In 1978, Buss recalled, WHO member countries, meeting in Alma Ata, in the present Republic of Kazakhstan, established, through a report and subsequently the Alma-Ata Declaration, a set of principles to protect and promote the health of all the people, evidencing the primary health attention like a guiding of an integrated health system. The International Conference on Primary Health Care was attended by about 3,000 people from more than 100 governments and representatives of 67 United Nations agencies and non-governmental organizations. "The Alma-Ata Declaration brings health as a state of complete physical, mental and social well-being, not simply as the absence of disease. Health is seen as a fundamental human right and the conception of the highest possible level of health is the most important global social goal, whose realization requires action from many other social and economic sectors beyond the health sector. So, the document builds the issue of social determinants, which comes from the 19th century, but with a contemporary concept", he said. Another question raised by Buss is that the document draws attention to the great inequality that existed in the state of health of peoples between developed and developing countries: "This was seen as politically, socially and economically unacceptable."
The Declaration also brings primary health care as essential care in health, "based on practical methods and technology, scientifically well-founded and socially acceptable, placed within the universal reach of individuals, through their participation and at a cost that the community could maintain at each stage of their development, the spirit of self-confidence and self-determination of peoples", he said, explaining: "That is, it places primary attention as an integral part of the system and the main focus of the community's overall social and economic development. In the document, primary care represents the first level of contact of the current health system, so we say that care is taken as close as possible to the place where people live and work, and it is the first element of a continuous process health care".
The coordinator of CRIS spoke of the highlight that Alma-Ata gave to the question of human resources and the work that would be equivalent to the community health agents at the time.

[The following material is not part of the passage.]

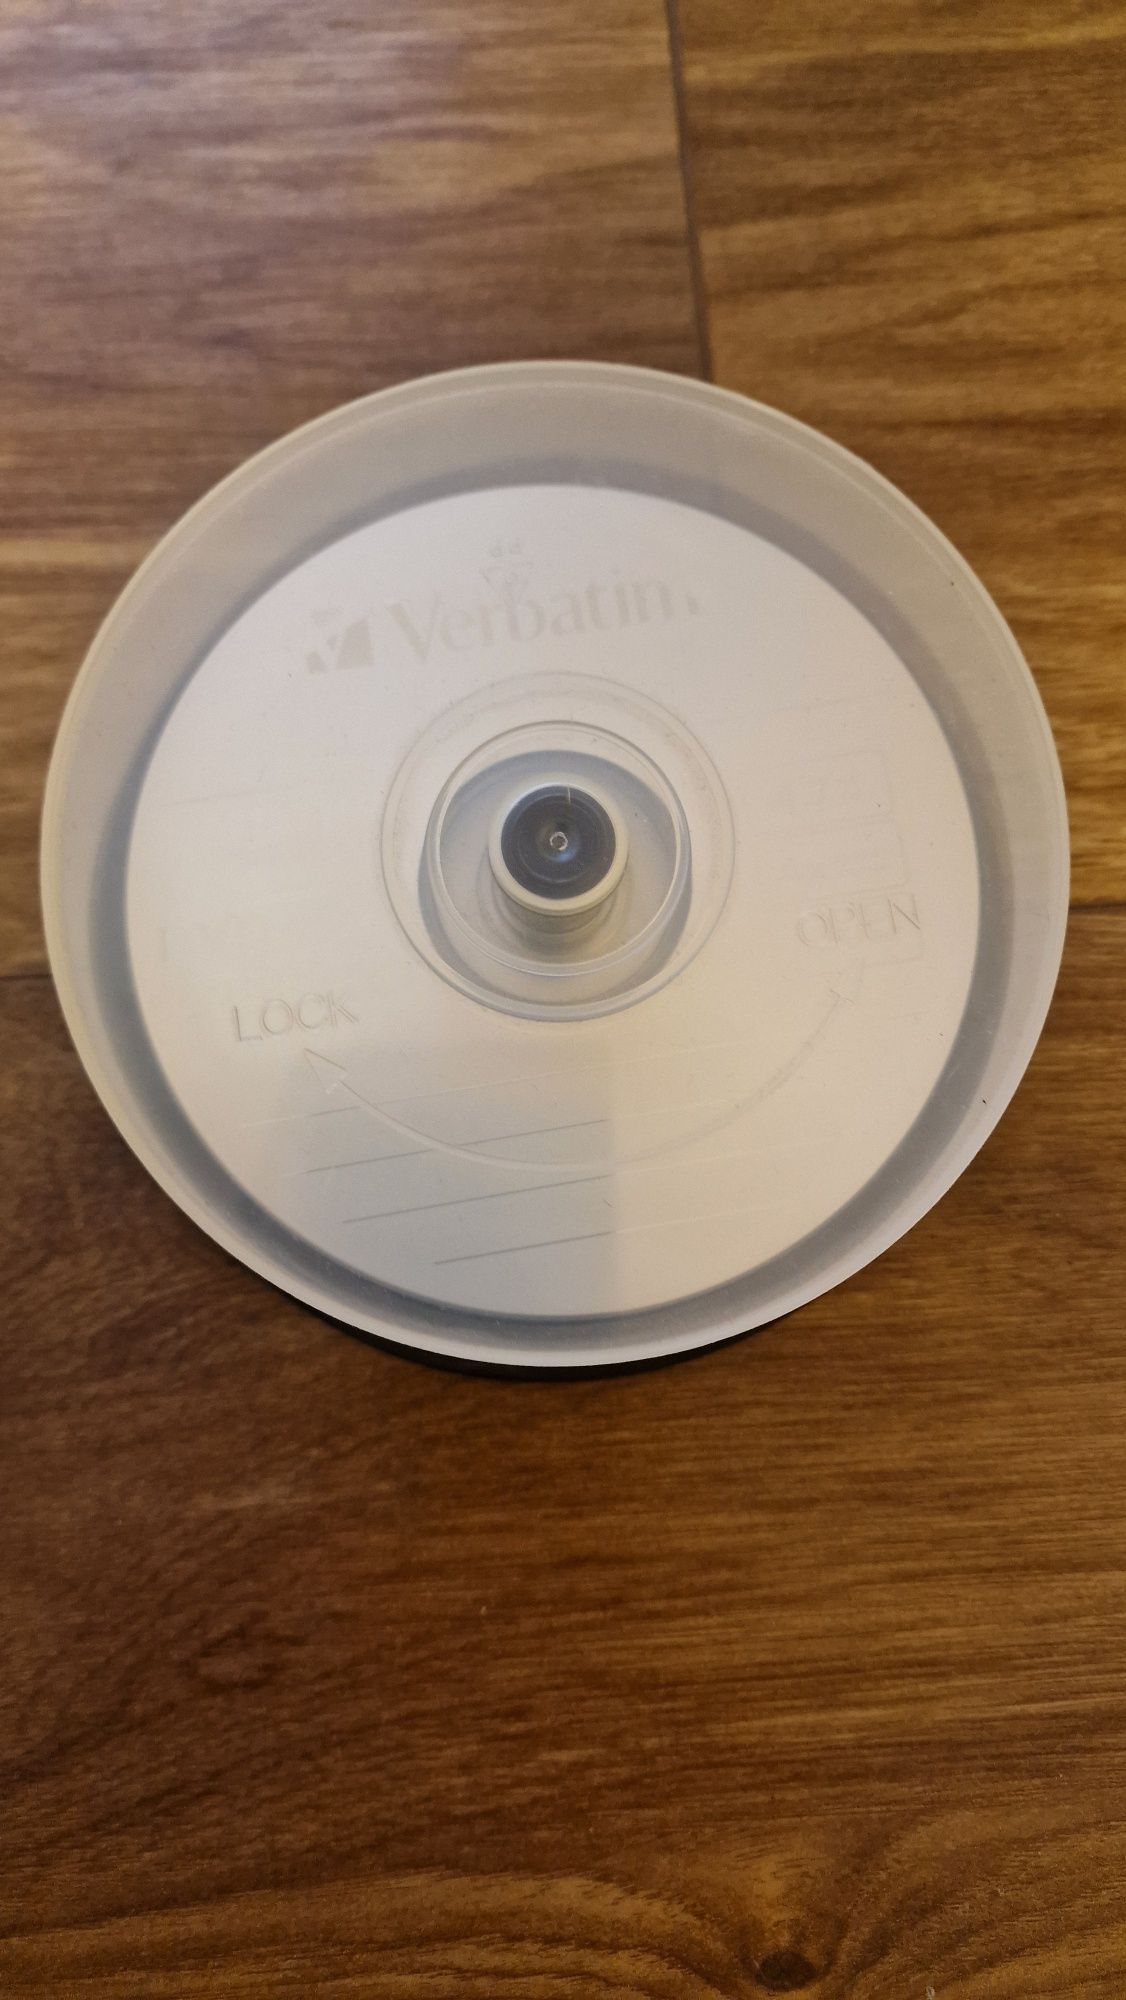 Płyty Verbatim DVD-RW - 15 szt. Opakowanowie

According to him, the assignments of this professional were based on the experience of the Feldsher, who were mid-level technicians from the Soviet Union, and the 'Barefoot Doctors' from China. "Feldsher was a group of nonphysicians trained for primary care and also to function as agents within more sophisticated spaces of the health system. The 'barefoot doctors' of China were truly for the rural area, mainly. A great idea that later extended to community agents in other countries of the world", he said.

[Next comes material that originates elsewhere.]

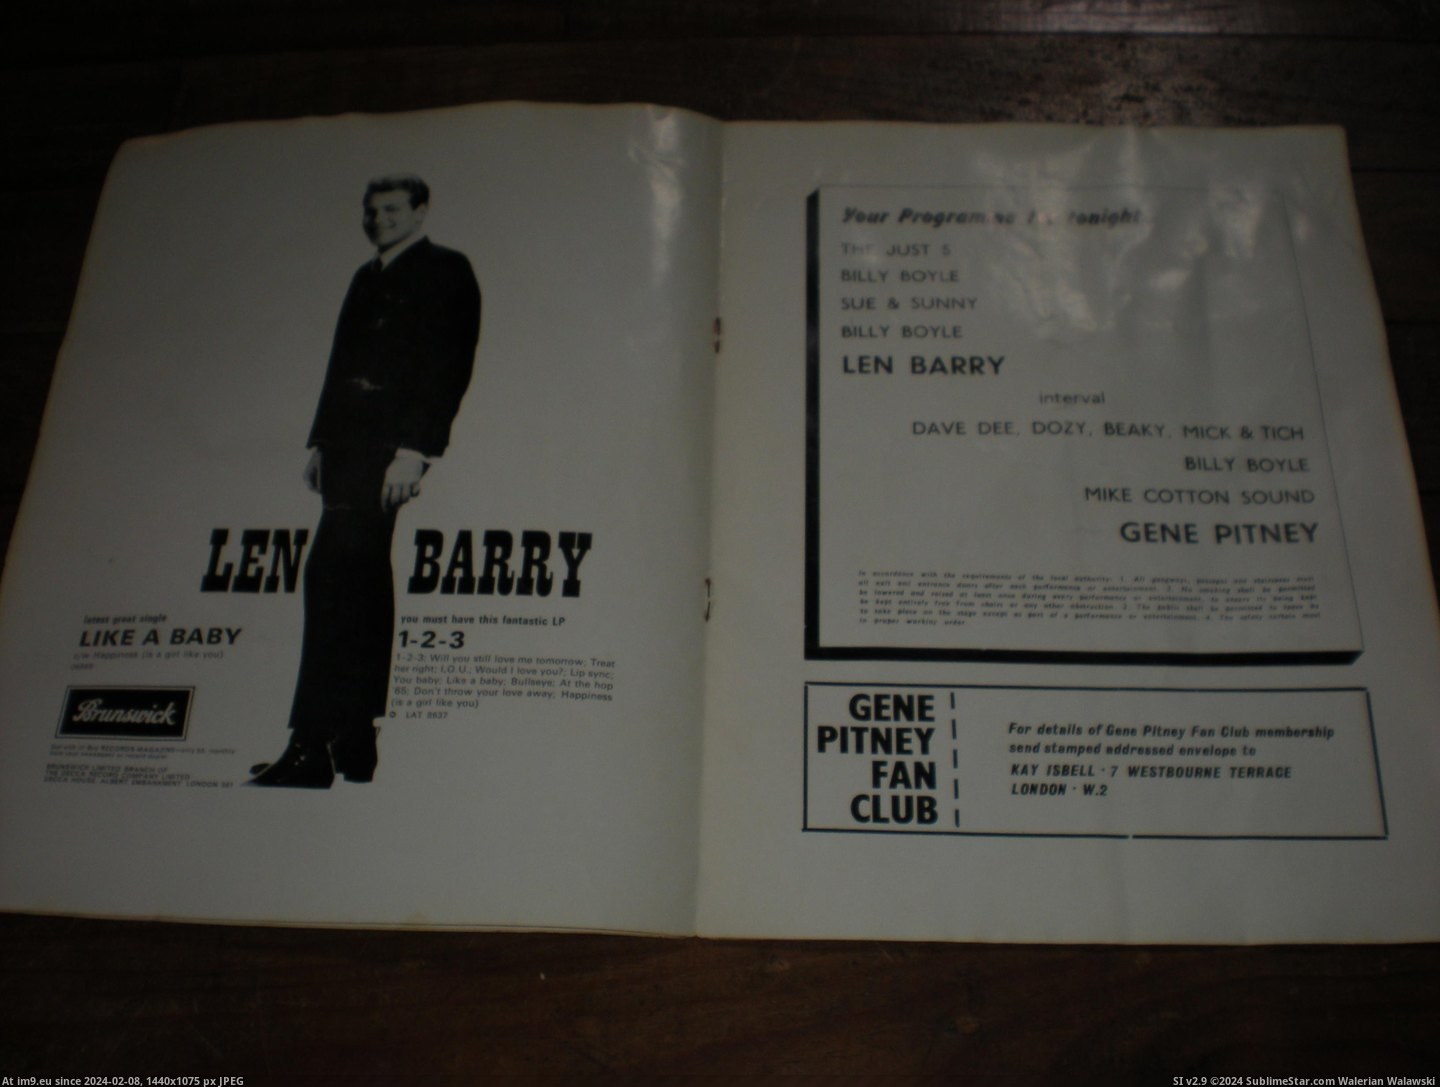 #Gene #Pitney #Prog Gene Pitney prog 4 Pic. (Bild von album new 1))

The issue of country cooperation has also been at the heart of the document discussion, saying that the use of global resources needs to be better applied, of which a considerable share would be spent on arms and military conflicts. "Unfortunately, since 1978, spending on arms and military conflicts has only increased, it means that wars are getting more and more sophisticated. Alma-Ata calls attention to these military resources to be directed to social issues", he said.
On Alma-Ata developments, Buss emphasized that in 1979 the World Health Assembly endorsed the Declaration. Two years later, the United Nations General Assembly (UNGA) adopted a special resolution that encouraged all member states to implement a comprehensive health strategy for all by the year 2000 under the coordination of WHO. "Despite falling short of many aspirations, there is no doubt that the Alma-Ata Conference and the declaration on primary care have become a perennial reference in the global health community’, he said.

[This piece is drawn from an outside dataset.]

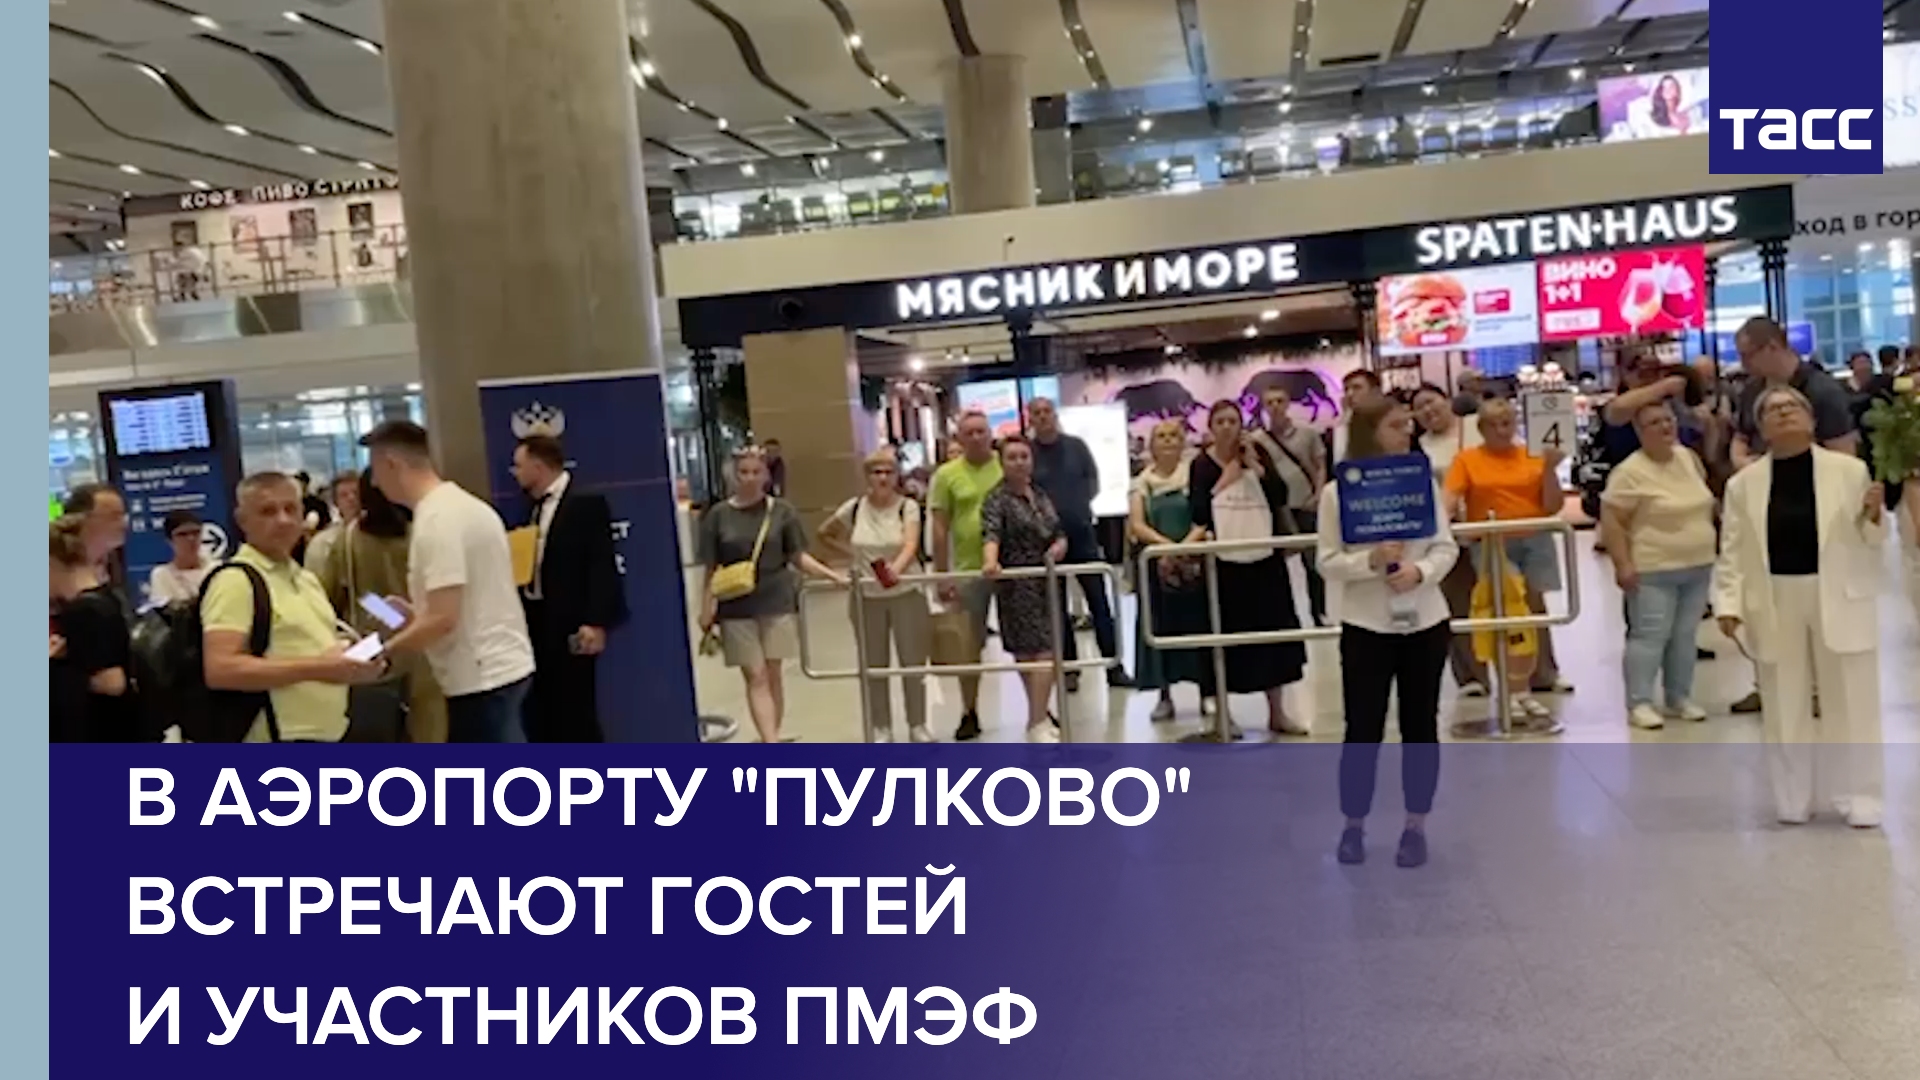 В аэропорту "Пулково" встречают гостей и участников ПМЭФ

Understanding about PHC and its applications over the years has undergone several interpretations and approaches - selective PHC, primary care, comprehensive Alma-Ata PHC and PHC with a focus on Health and Human Rights. The Selective PHC, according to Buss, brings together a set of health service activities aimed at the poor population, while primary care refers exclusively to the doorway of the health system in a place of care. "The third conception is the comprehensive PHC of Alma-Ata, which is a strategy for organizing the attention system from primary care, for society to promote health, and finally the focus on health and human rights that emphasizes understanding health as a human right and the need to address broader social and political determinants of health”.
Four decades after Alma-Ata, the Astana Conference in Kazakhstan took place on October 25-26, 2018, with about 2,000 participants. The goal, according to Buss, was a new commitment to PHC consistent with the current global historical moment and Agenda 2030 and its sustainable development goals. The main output of the Conference was the Astana Declaration. "By appropriating all the values, principles, and the mission of primary care, it is a document of value. The attack on primary care does not come from Astana, it does not come from the WHO, the attack on primary care comes from neoliberal governments that want the privatization of the entire health system”, he defended.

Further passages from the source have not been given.